TRY IT. Among the lines below, keep only those from the one containing "a new earth" through the one containing "Petite Channel Set", and reproduce them exactly.

PROVIDED RECORDS below:

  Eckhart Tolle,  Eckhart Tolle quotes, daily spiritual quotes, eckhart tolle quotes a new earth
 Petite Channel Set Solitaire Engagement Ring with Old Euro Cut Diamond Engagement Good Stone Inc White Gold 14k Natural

End of PROVIDED RECORDS.
PROVIDED RECORDS below:

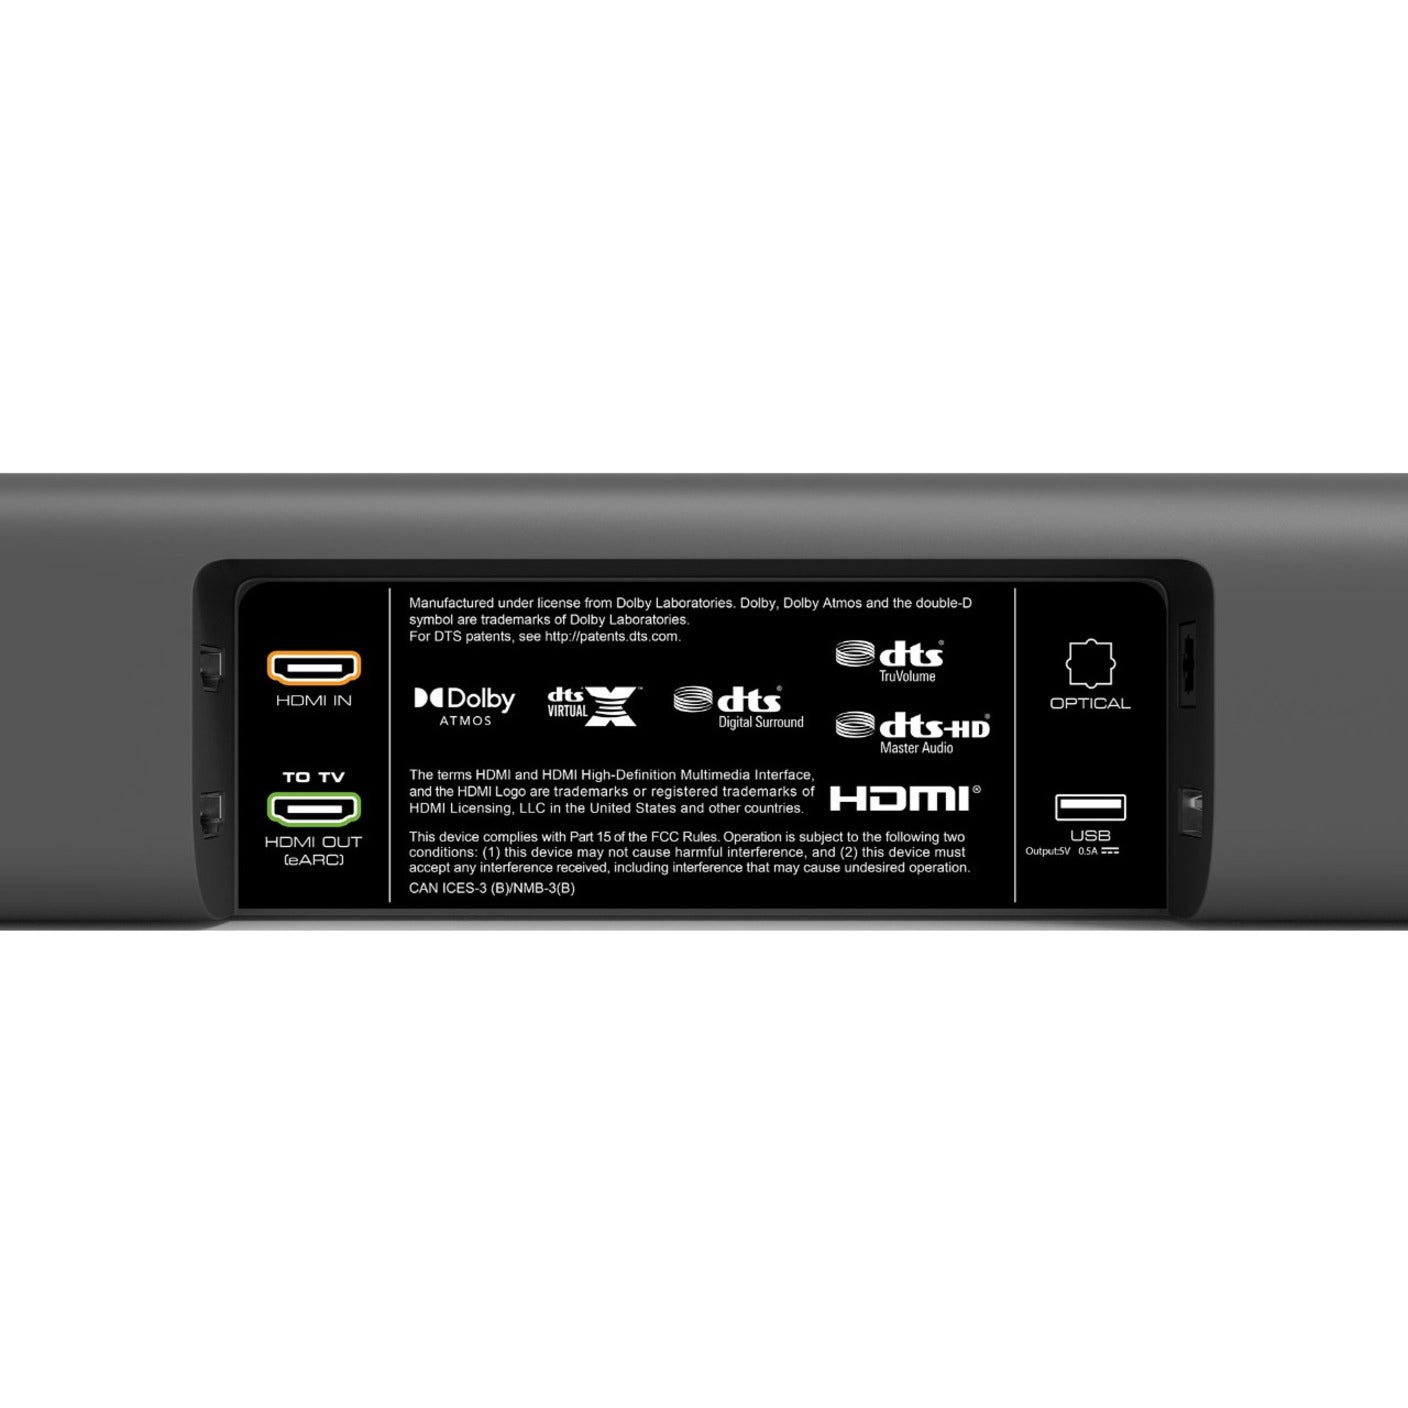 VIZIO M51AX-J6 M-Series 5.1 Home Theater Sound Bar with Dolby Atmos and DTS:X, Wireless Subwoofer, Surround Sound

End of PROVIDED RECORDS.

EXERCISE OUTPUT.
  Eckhart Tolle,  Eckhart Tolle quotes, daily spiritual quotes, eckhart tolle quotes a new earth
 Petite Channel Set Solitaire Engagement Ring with Old Euro Cut Diamond Engagement Good Stone Inc White Gold 14k Natural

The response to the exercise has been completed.